Provided data:
________
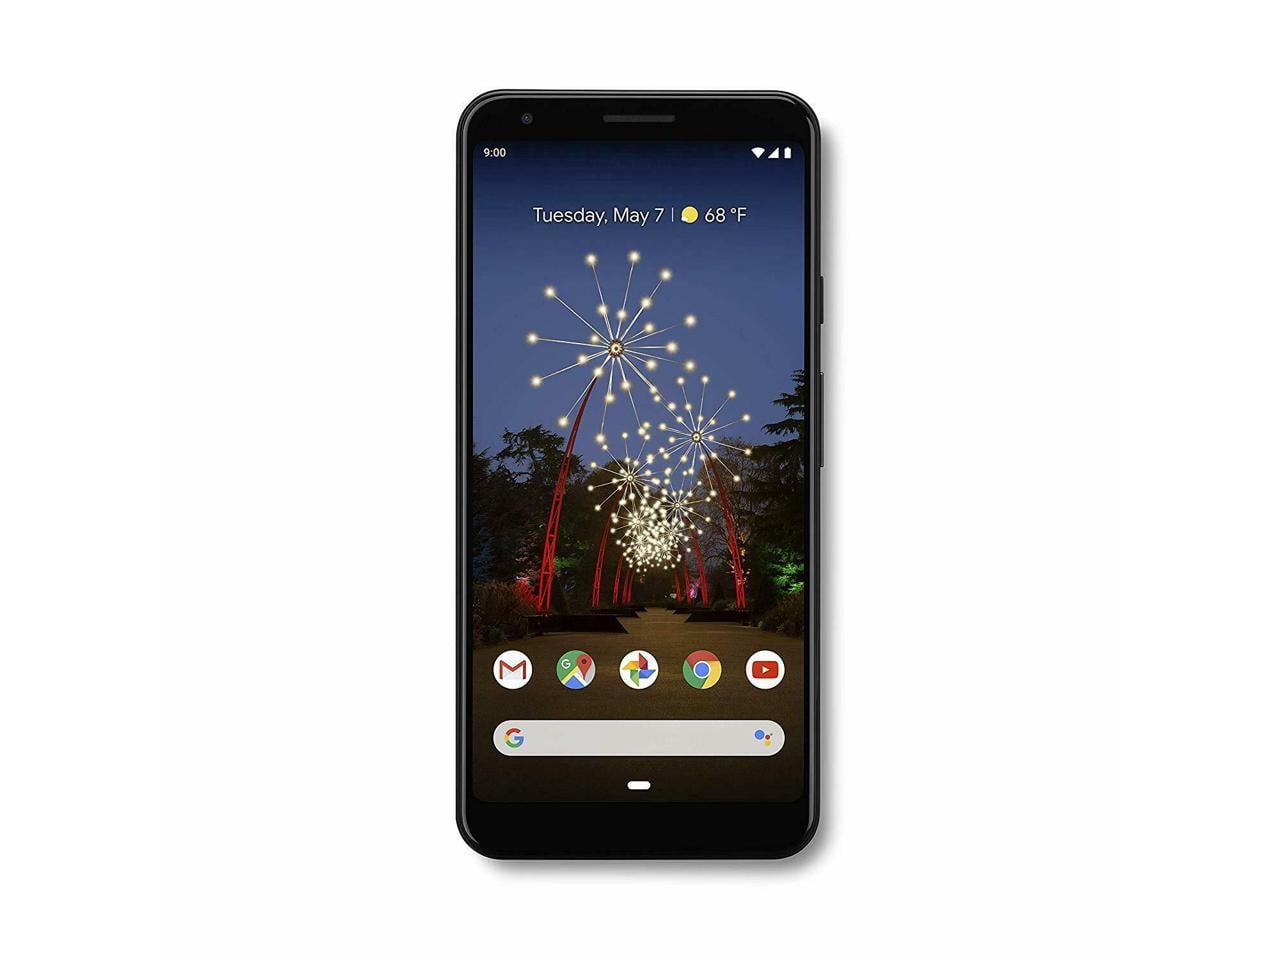 Google Pixel 3A XL 64GB Unlocked Black Color Single Sim Smartphone 
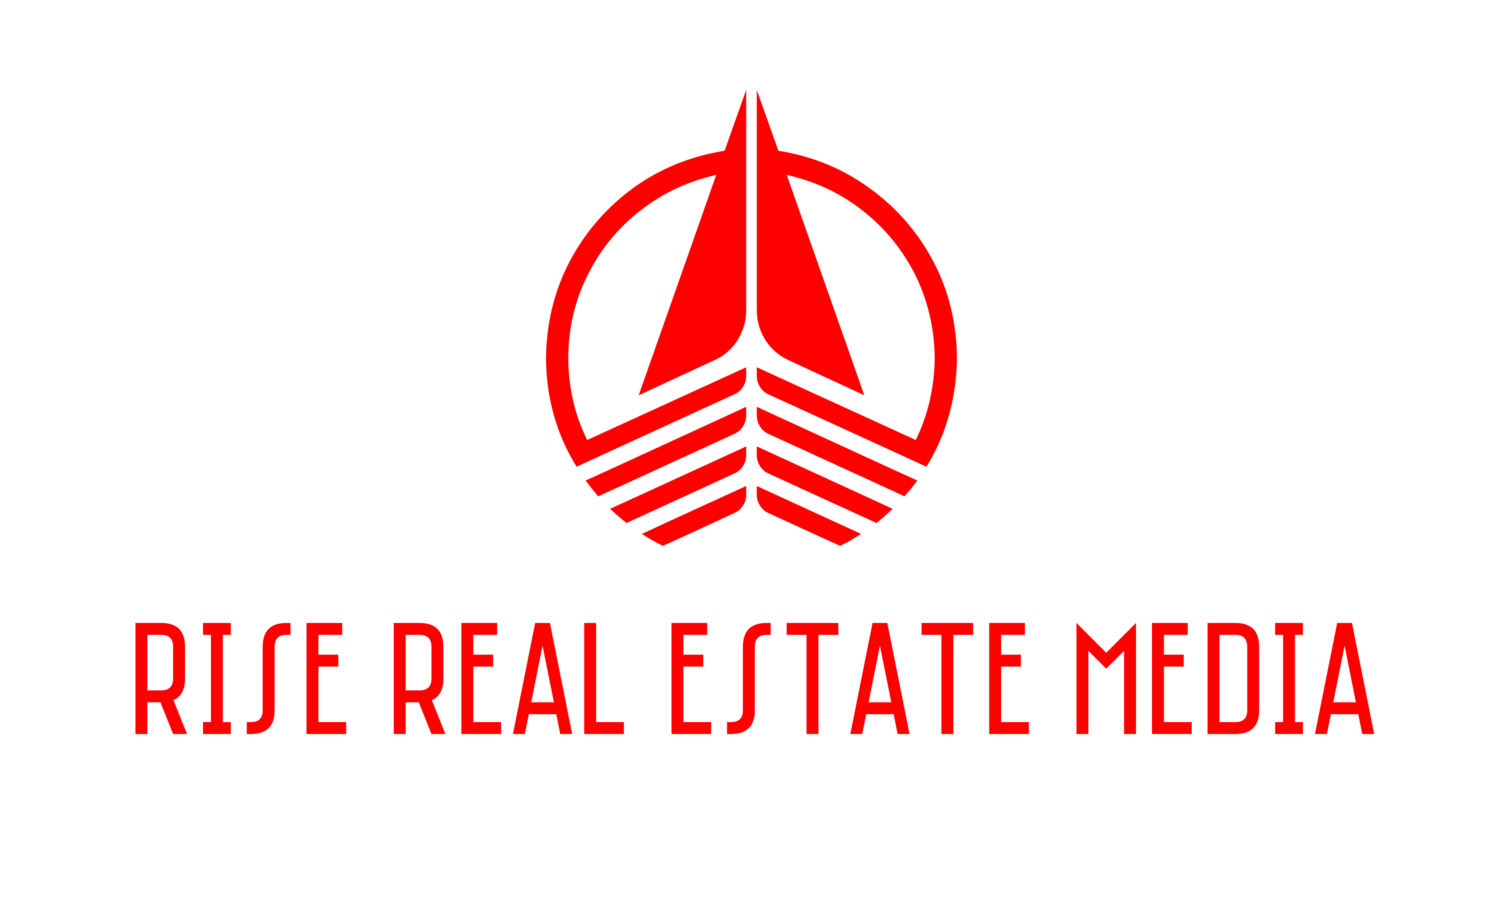 Rise Real Estate Media - Toronto Based Real Estate Photographer/Videographer
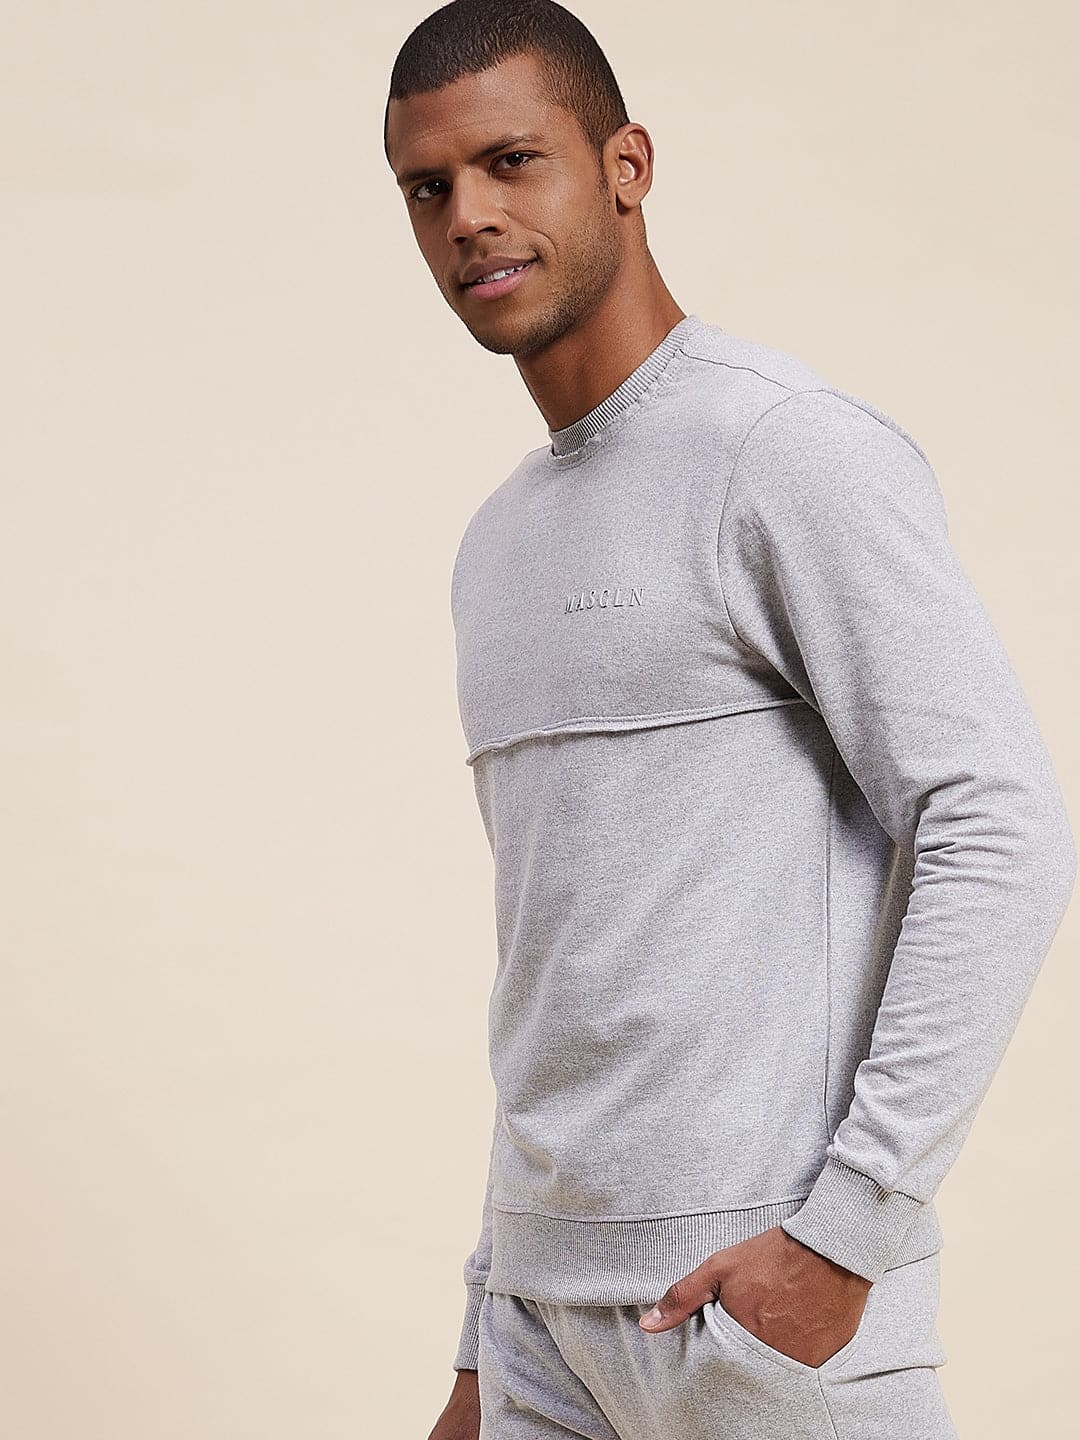 Men's Grey MASCLN Puff Print Sweatshirt - LYUSH-MASCLN
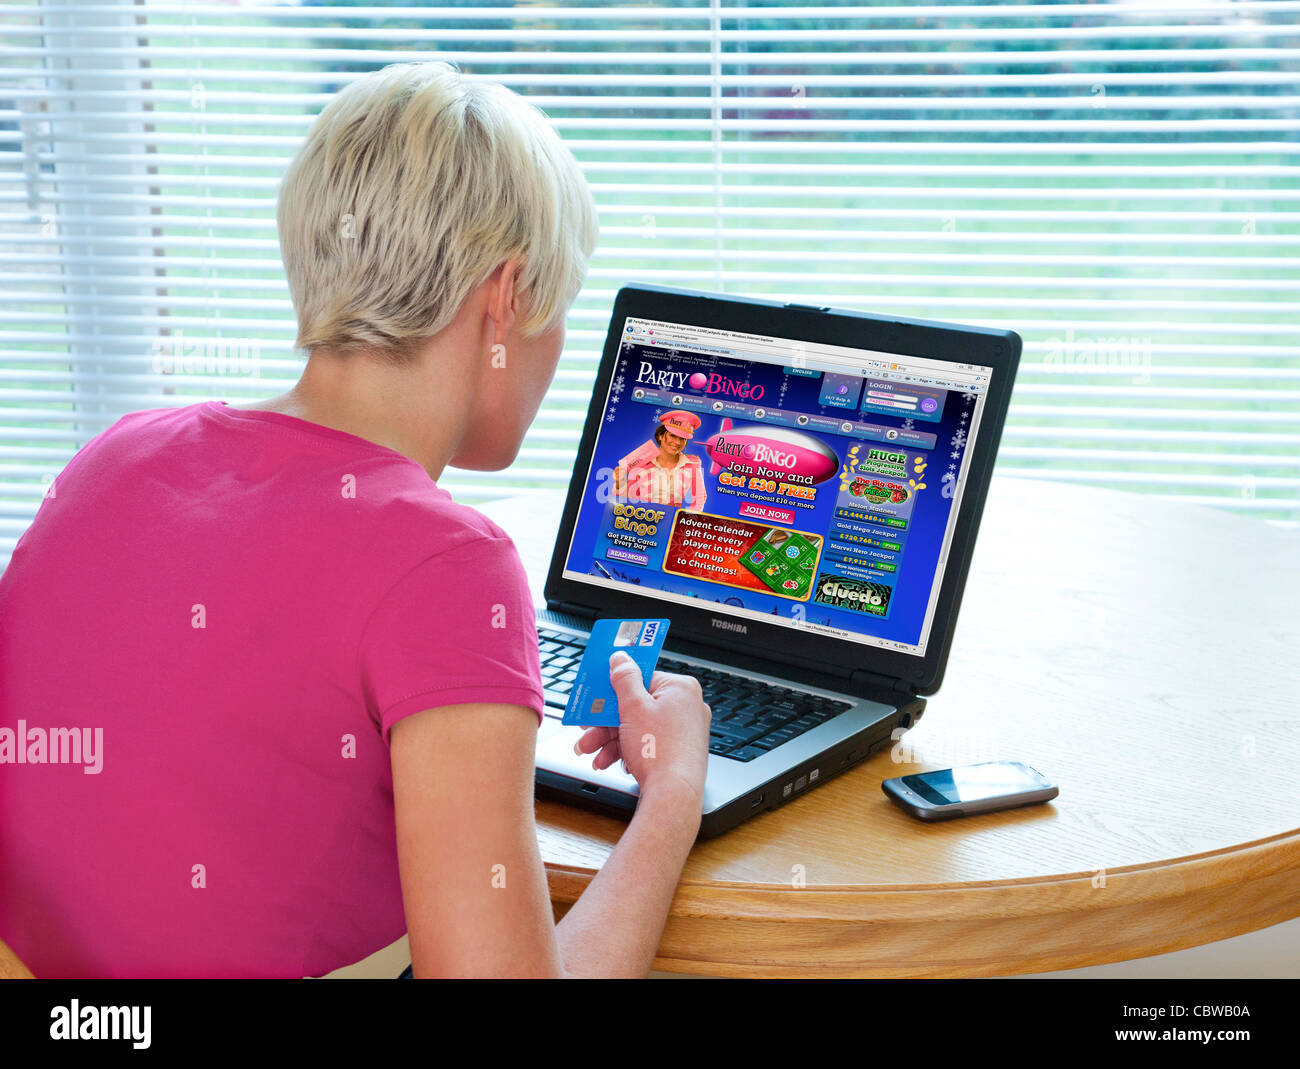 woman playing online bingo games on PartyBingo website Stock Photo
________
Your goal:
An acceptable answer consists of the lines above from the one holding "Rise Real Estate" to the end of the data, repeated exactly and containing no pictures.

Exercise solution:
 Rise Real Estate Media - Toronto Based Real Estate Photographer/Videographer
 Men's Grey MASCLN Puff Print Sweatshirt - LYUSH-MASCLN
 woman playing online bingo games on PartyBingo website Stock Photo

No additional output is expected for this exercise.